В широком общероссийском движении протеста различаются несколько идейных направлений, самым непримиримым из которых в последнее время оказывается леворадикальное. Левые силы в минувшие месяцы были заметнее других участников протеста представлены на уличных массовых мероприятиях. Репрессивные усилия российской власти в последние недели оказались сконцентрированы на лидерах и активистах движения «Левый фронт». Случайность ли это? Какова идейная направленность тех политических сил, которые в современной России способны наиболее точно артикулировать общественные настроения? Об этом размышляет петербургский историк Илья Калинин, шеф-редактор журнала «Неприкосновенный запас».
– Одним из важных индикаторов социальной и политической актуальности левых сил является реакция на их деятельность со стороны государства. Степень репрессивных мер может выступать как показатель уровня угрозы для нынешнего политического режима, исходящей от левого движения. По крайней мере, это уровень угрозы, который ощущается самой действующей властью, которая, очевидно, предполагает, что немалый потенциал социальных интересов, социальных запросов или, наоборот, социального недовольства может быть скоординирован и организован именно вокруг левого движения, конкретно – вокруг "Левого фронта" как организации, которая в последнее время пытается выступить структурообразующий элемент. Этот элемент способен сформулировать пока еще недостаточно хорошо артикулированные протестные настроения общества.

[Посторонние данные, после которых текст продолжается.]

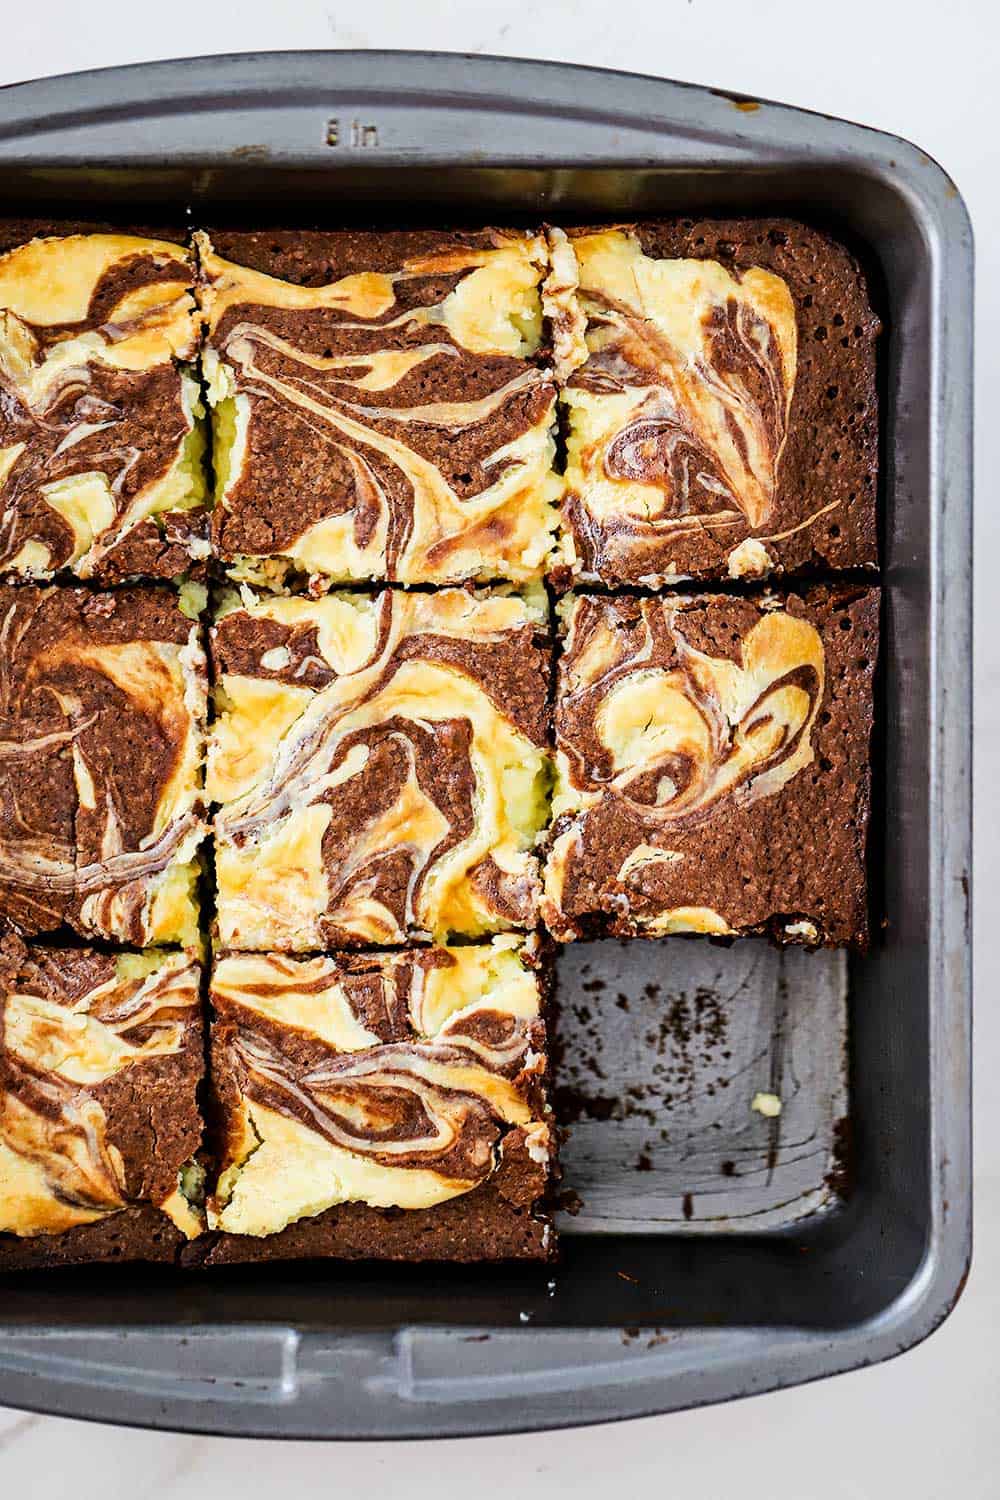 A metal pan filled with chocolate and cheesecake brownies that have been cut into squares and one brownie is missing.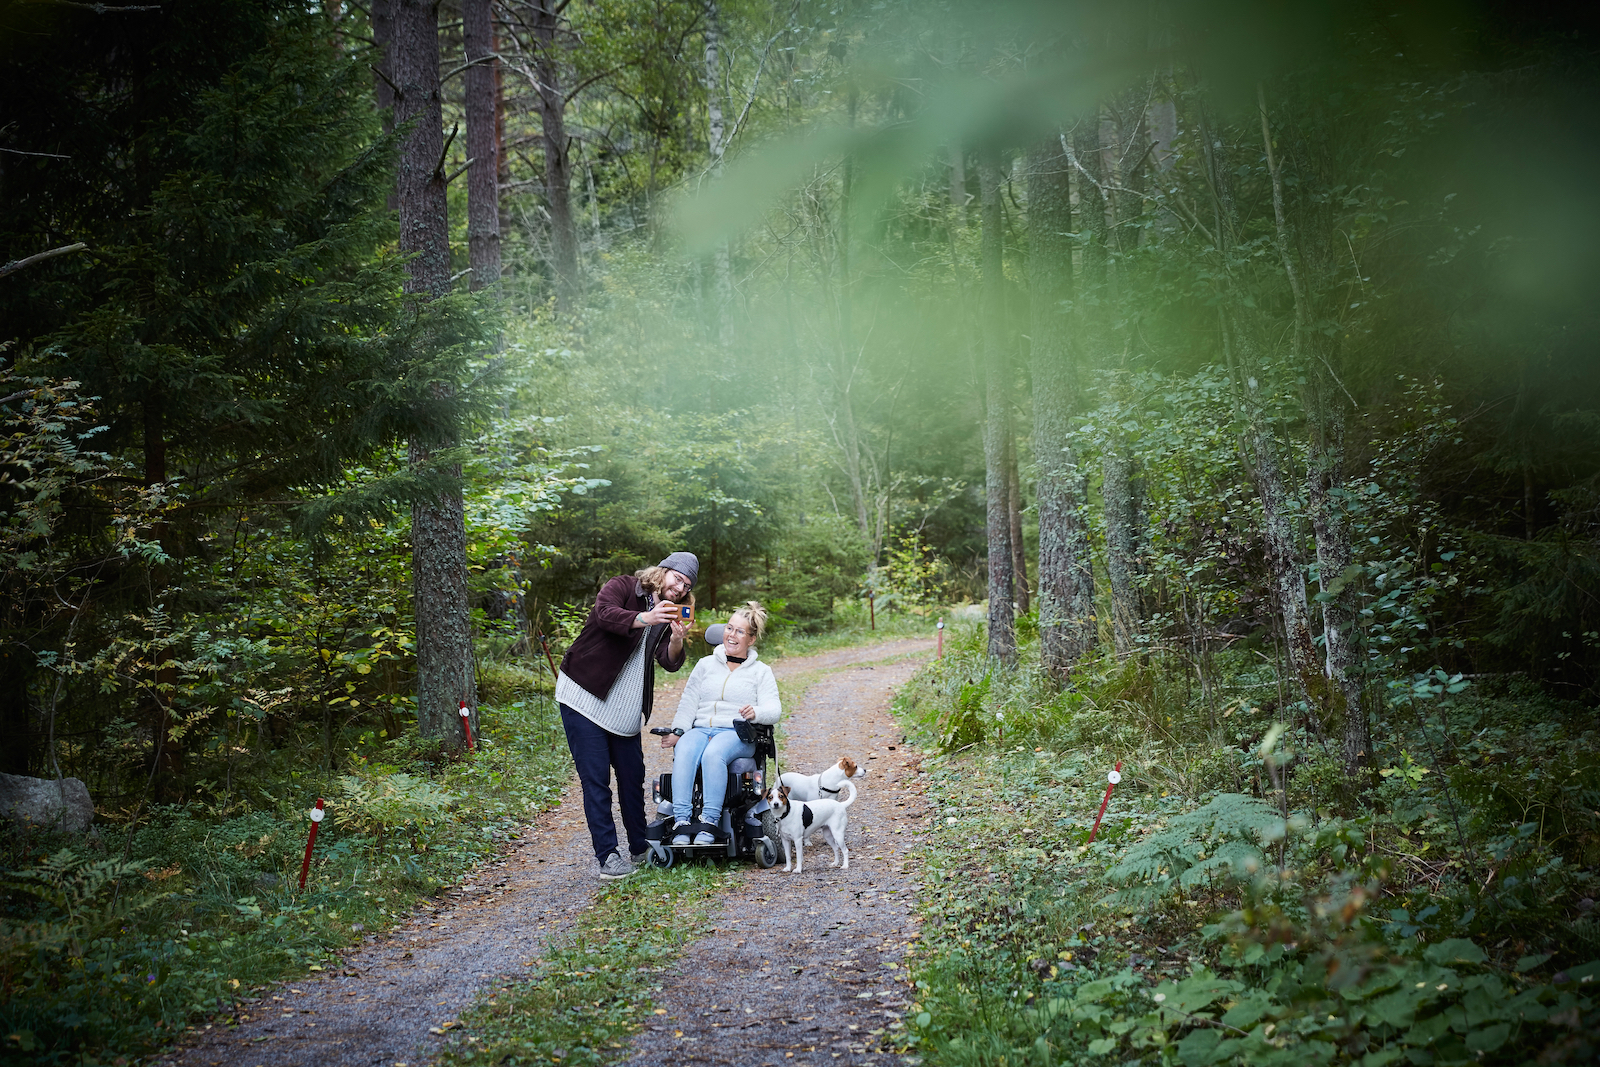 Wheelchair and stroller accessible hike

– Почему все-таки Левый фронт, а не «правый»?
– Возможные политические альтернативы будущего развития России, с моей точки зрения, лежат именно в левом идейном спектре. И мне кажется, это нужно понять даже тем, кто связывает свои надежды с либерализмом и либеральной оппозицией. Либерализация России, политическая и даже экономическая, как мне кажется, возможна скорее благодаря широкому социальному движению, объединенному вокруг защиты прав трудящихся, наемных работников, нежели чем благодаря постепенному росту среднего класса как социальной базы либерализма. В чем отличие «левой» критики власти от той критики, которую мы слышим со стороны либеральной оппозиции? Либеральная оппозиция указывает на авторитарность нынешней власти, ее коррумпированность, неэффективность административного аппарата, отсутствие политической конкуренции или социальных лифтов, то есть речь идет не столько о критике политэкономических основ системы, сколько о критике принципов, по которым она работает, особенно о том, что эта система имеет закрытый характер с точки зрения либеральной оппозиции. Вот элита-де «закапсулировалась» и сопротивляется внешним попыткам перемен, а наличие политической конкуренции должно повысить ее эффективность. При такой повестке дня нет ничего удивительного, что эти требования не встречают большой поддержки, поскольку они далеко не всем россиянам близки. Это так сказать, терзания креативного класса, представителям которого власть мешает творчески реализоваться. Критика, идущая со стороны левых сил, мне кажется, намного фундаментальнее, она потенциально способна найти отклик у более широких слоев общества. Проблема, правда, в том, что пока это наименее политически активная часть общества, причем наиболее подверженная пропагандистским манипуляциям.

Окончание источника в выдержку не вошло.